To accommodate DoorDash’s continuing growth, the ads quality team set out to build foundational embeddings that can be reused across multiple use cases, such as retrieval, ranking, and relevance. Traditionally, the team has relied on categorical and numerical features such as store attributes, context features, and other handcrafted aggregates as inputs to our machine learning models. While these are important engagement signals, they fail to capture the rich semantic information contained in our product catalogs and don’t reflect a deeper understanding of users’ personal interests. To bring these enhancements into our models, we developed DashCLIP, short for Dash Contrastive Language-Image Pretraining, a unified multimodal embedding framework designed to power personalized ad experiences for DoorDash users.
DashCLIP’s architecture addresses the following functional requirements:
- Multimodality encodings: Products on our platform contain both text and visual information.
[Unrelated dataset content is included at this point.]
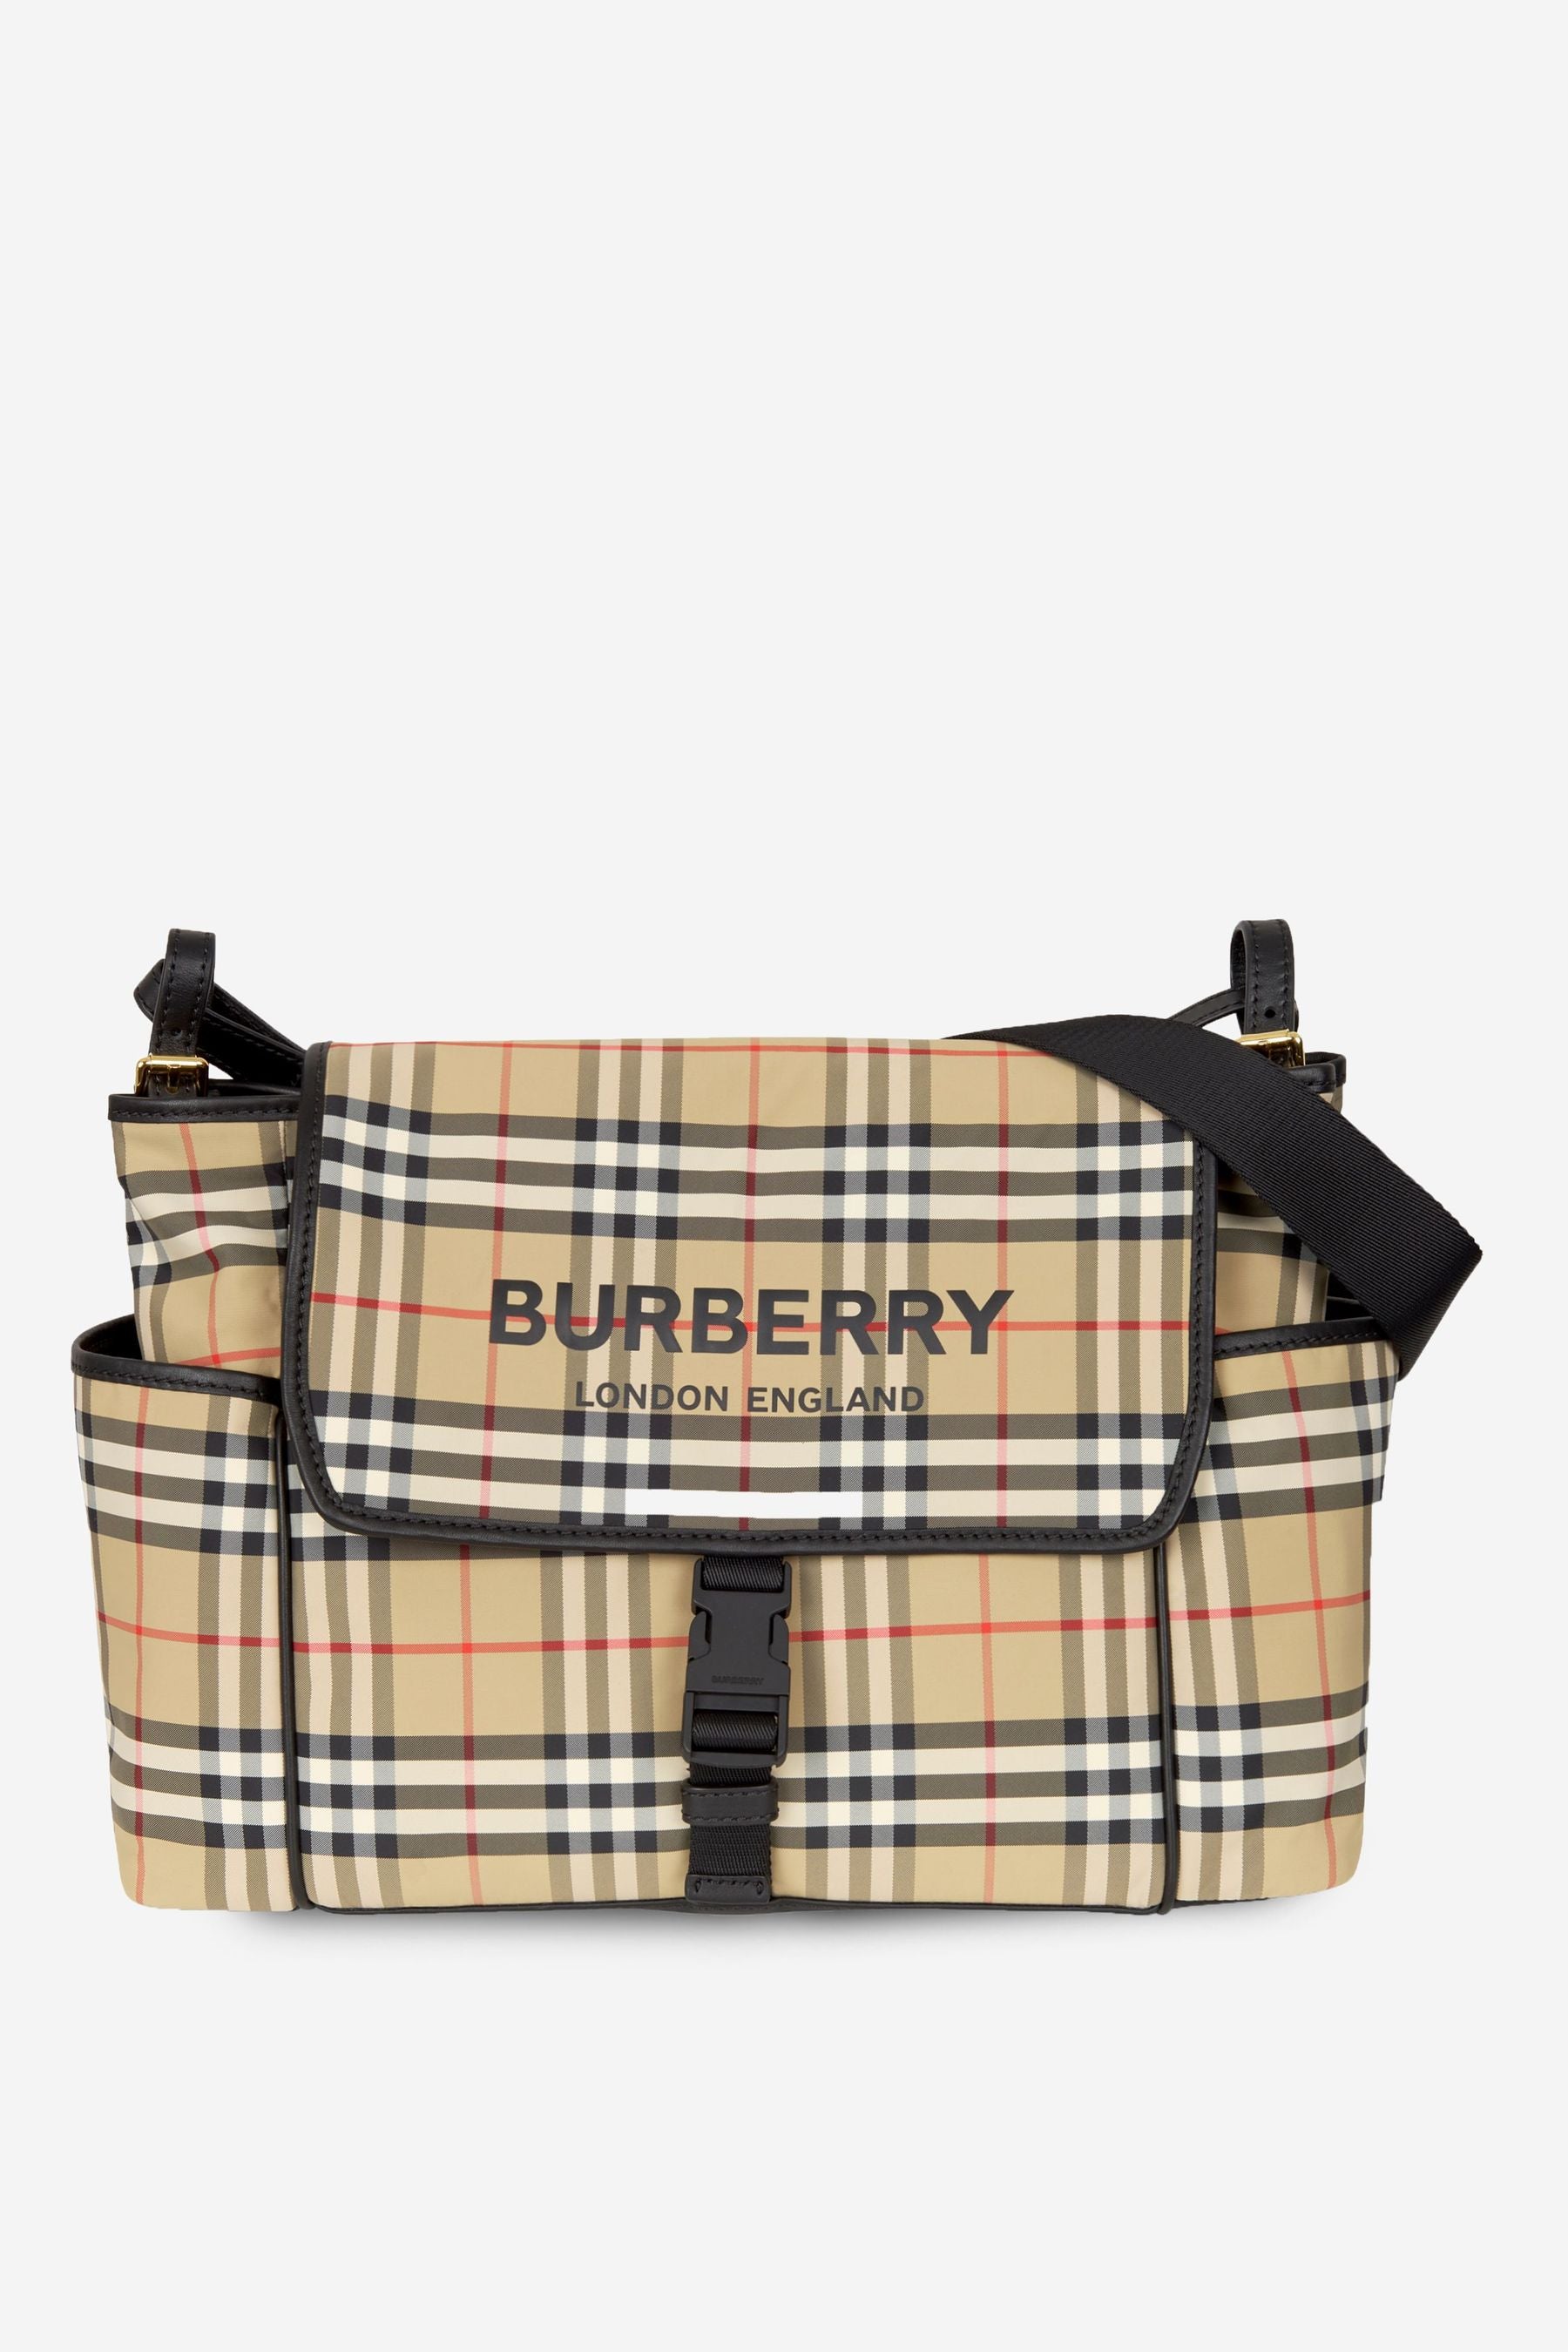 burberry diaper bag

We leverage contrastive learning on the product catalog to approximate a human-like understanding of products, capturing the complementary information from each modality.
- Domain adaptation: We perform continual pretraining on off-the-shelf models to adapt the embeddings to DoorDash’s data distribution.
- Query embedding alignment: To enable search recommendations, we introduce a second stage of alignment in our architecture for a dedicated query encoder that is trained to generate query embeddings in the same space as the product embeddings.
- Relevance dataset curation: We curate a high-quality relevance dataset that combines internal human annotations with knowledge from large language models (LLMs), providing robust supervision for embedding alignment. This eliminates the position and selection bias introduced when historical engagement data is used for training.